Я пожал плечами, немного удивленный эмоциональностью и красноречием человека, которого еще не так давно посчитал за молчуна, и ответил:
– Наверно, не всем дано в жизни испытать такое потрясение.
– И упаси тебя Аллах от этой данности, – опустил голову он, а когда поднял ее, глаза уже светились теплыми огоньками.

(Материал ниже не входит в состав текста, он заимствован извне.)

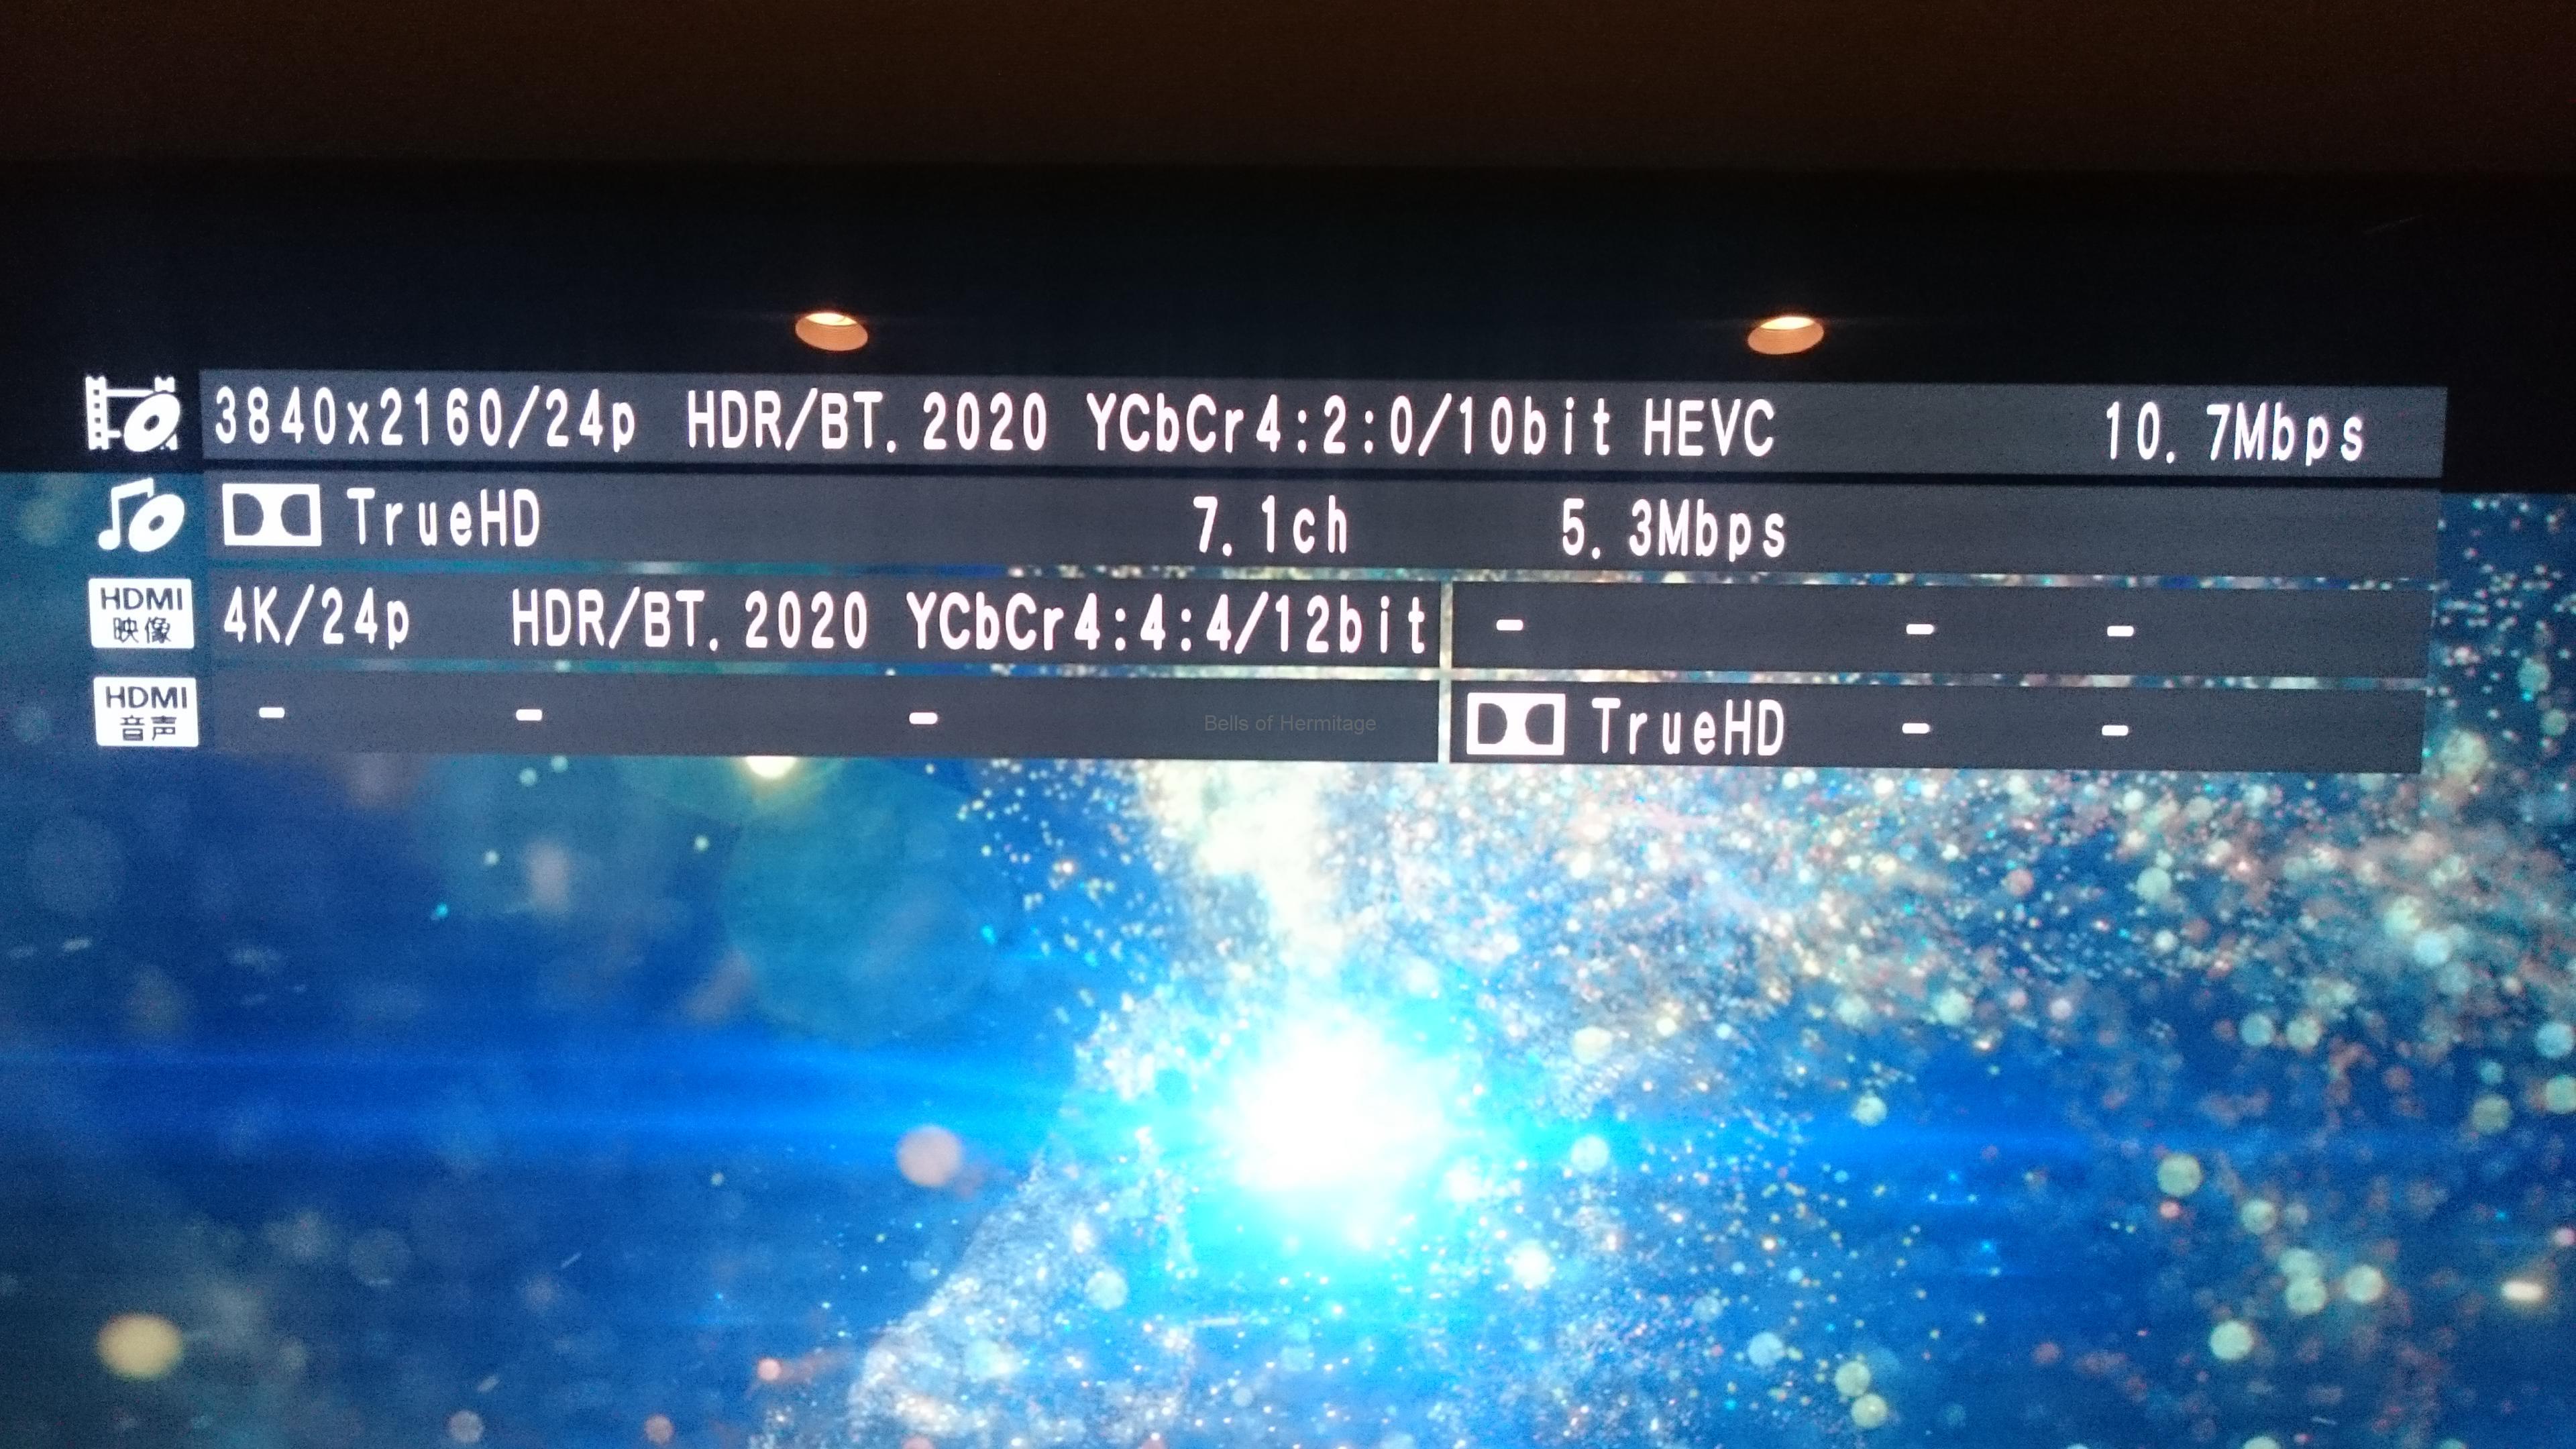 ホームシアター 4K/HDR Panasonic DMP-UB900 Urtra HD Blu-ray 4K Ultra HDソフト DVD Fantasium PAN ネバーランド、夢のはじまり

– Дамирет была лучезарным человечком, – начал он, – и необыкновенной душевной доброты. Бывало в детстве мы идем со школы на нашу улицу в групке сверстников и сверстниц, а где-то рядом птенец из гнезда выпал, пищит напуганно, а мать мечется и тревожно верещит. Из нас никому до этого нет дела, заняты своими проказами, и не слышим их, а она обязательно услышит, найдет его, пристыдит всех, и глядишь, через минуту – другую с нашей помощью птенец уже в гнезде, утихомирились и он, и мать. А бывало в иной раз обидят кого-нибудь в классе, а она всегда тут как тут, подсядет к нему, погладит по руке, найдет нужные слова, успокоит, а потом не злобно, не пронзительно, а с грустной укоризной посмотрит на обидчика, и того так проберет, что отобьет всякую охоту впредь кого-то обижать. Вот такой чуткой и участливой была Дамирет с самого детства. И никто не удивился, когда она, всегда скорая на помощь и добрые дела, продолжила после восьмилетки учебу в медицинском училище. А я с детства был влюблен в музыку. Как-то в возрасте лет восьми я пришел на аульскую свадьбу и хатияко – распорядитель танцев, непревзойденный в этом в округе Хаджумар, после благих пожеланий новобрачным, вскинув вверх горделиво свое древко с нанизанными на нити орешками, обратился к слепому от рождения гармонисту: «Так раскрой же меха гармони, Нальби, что врата в твою душу, проведи нас по заповедным уголкам ее, где поселились любовь и красота, открой настежь особые закрома ее, полные несметных богатств, и щедро одари ими нас! Так играй же, играй, Нальби, и дай нам насладиться жизнью, как не наслаждался доселе никто!
Каждое слово велиречивого Хаджумара отчеканилось в моей памяти, а когда слепой, как сама любовь, поводырь заиграл и увлек зрячих в свой волшебный мир гармонии звуков, я всем существом устремился вслед за ним…
Конечно же, я бывал на свадьбах в детстве и раньше, но теперь был более готов для восприятия этого художественного действа и в первый раз в мое сердце прокралась мечта походить в будущем на Хаджумара и Нальби и увлекать, и радовать людей прекрасным.
К семнадцати годам я уже сносно играл на гармони. Нальби стал моим учителем, какого было поискать, и щедро делился секретами своего мастерства, а я был прилежным учеником.